For the Holy Spirit was promised to the successors of Peter not so that they might, by his revelation, make known some new doctrine, but that, by his assistance, they might religiously guard and faithfully expound the revelation or deposit of faith transmitted by the apostles. Indeed, their apostolic teaching was embraced by all the venerable fathers and reverenced and followed by all the holy orthodox doctors, for they knew very well that this See of St. Peter always remains unblemished by any error, in accordance with the divine promise of our Lord and Savior to the prince of his disciples: “I have prayed for you that your faith may not fail; and when you have turned again, strengthen your brethren.”

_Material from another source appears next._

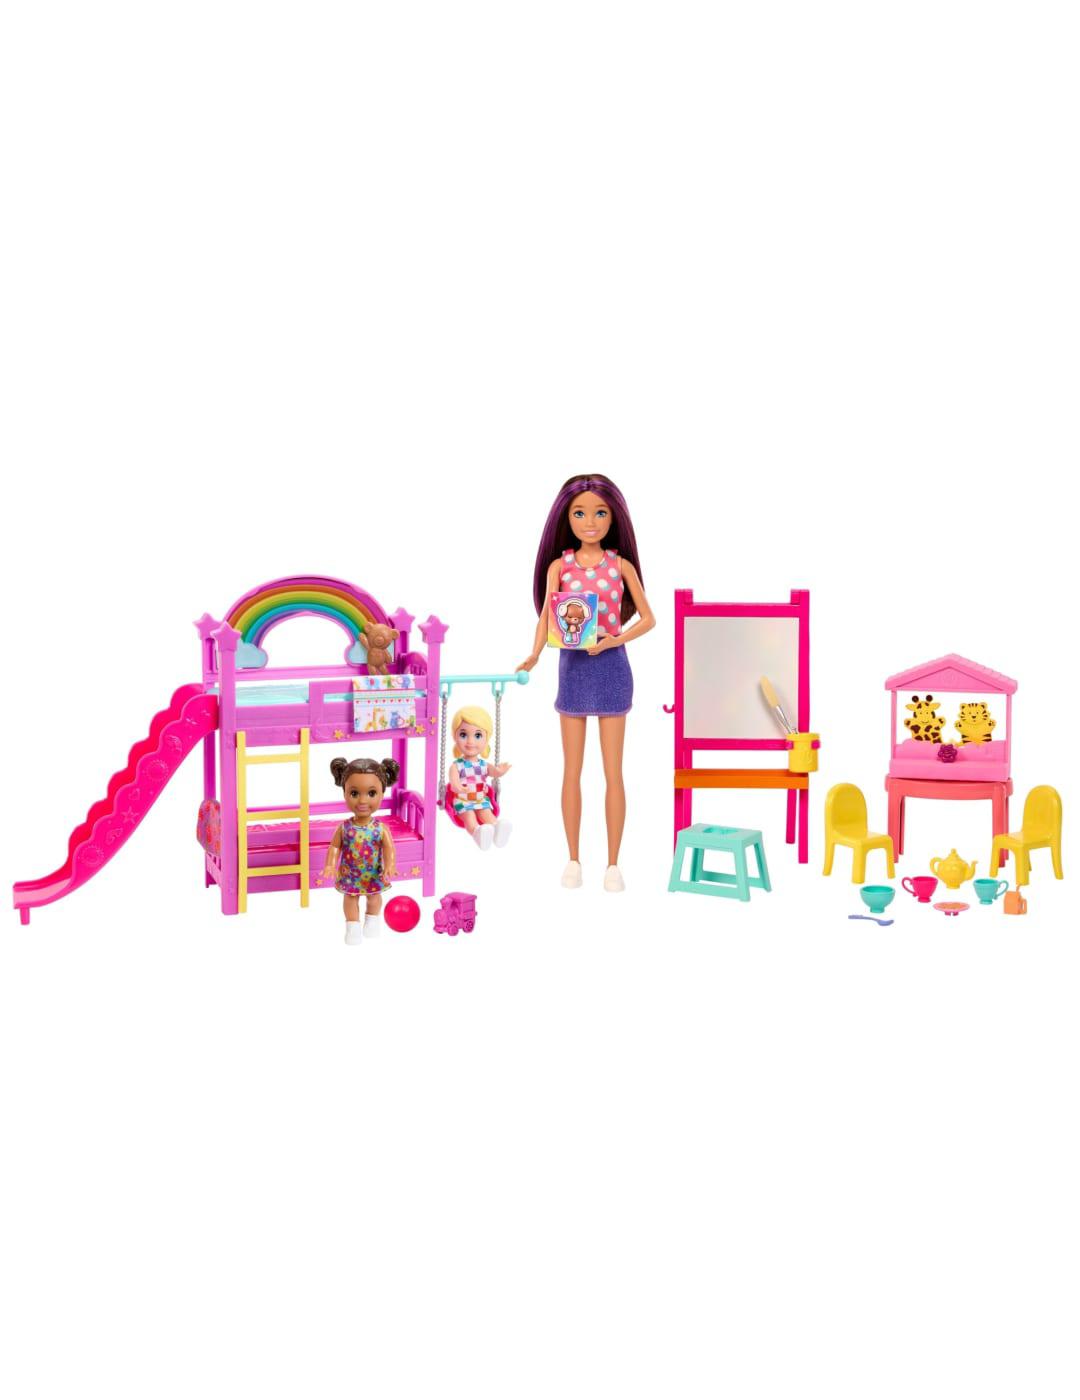 Barbie Skipper Babysitters Nap 'n Nuture Nursery Playset - Shop Playsets at  H-E-B

(Emphasis supplied.) This office, in service of the tradition given by Christ or through the inspiration of the Holy Spirit to the apostles, which has been handed down from those times to this time, is ultimately an office of unity:

This gift of truth and never-failing faith was therefore divinely conferred on Peter and his successors in this See so that they might discharge their exalted office for the salvation of all, and so that the whole flock of Christ might be kept away by them from the poisonous food of error and be nourished with the sustenance of heavenly doctrine. Thus the tendency to schism is removed and the whole Church is preserved in unity, and, resting on its foundation, can stand firm against the gates of hell.

(Emphasis supplied.) In other words, it is not the role of the pope to set one faction of the Church against another or to choose winners and losers, but, instead, to avoid precisely that factionalism in favor of unity. By serving the tradition and Indeed, the primacy of Peter itself is an office of unity:

This power of the Supreme Pontiff by no means detracts from that ordinary and immediate power of episcopal jurisdiction, by which bishops, who have succeeded to the place of the apostles by appointment of the Holy Spirit, tend and govern individually the particular flocks which have been assigned to them. On the contrary, this power of theirs is asserted, supported and defended by the Supreme and Universal Pastor; for St. Gregory the Great says: “My honor is the honor of the whole Church. My honor is the steadfast strength of my brethren. Then do I receive true honor, when it is denied to none of those to whom honor is due.”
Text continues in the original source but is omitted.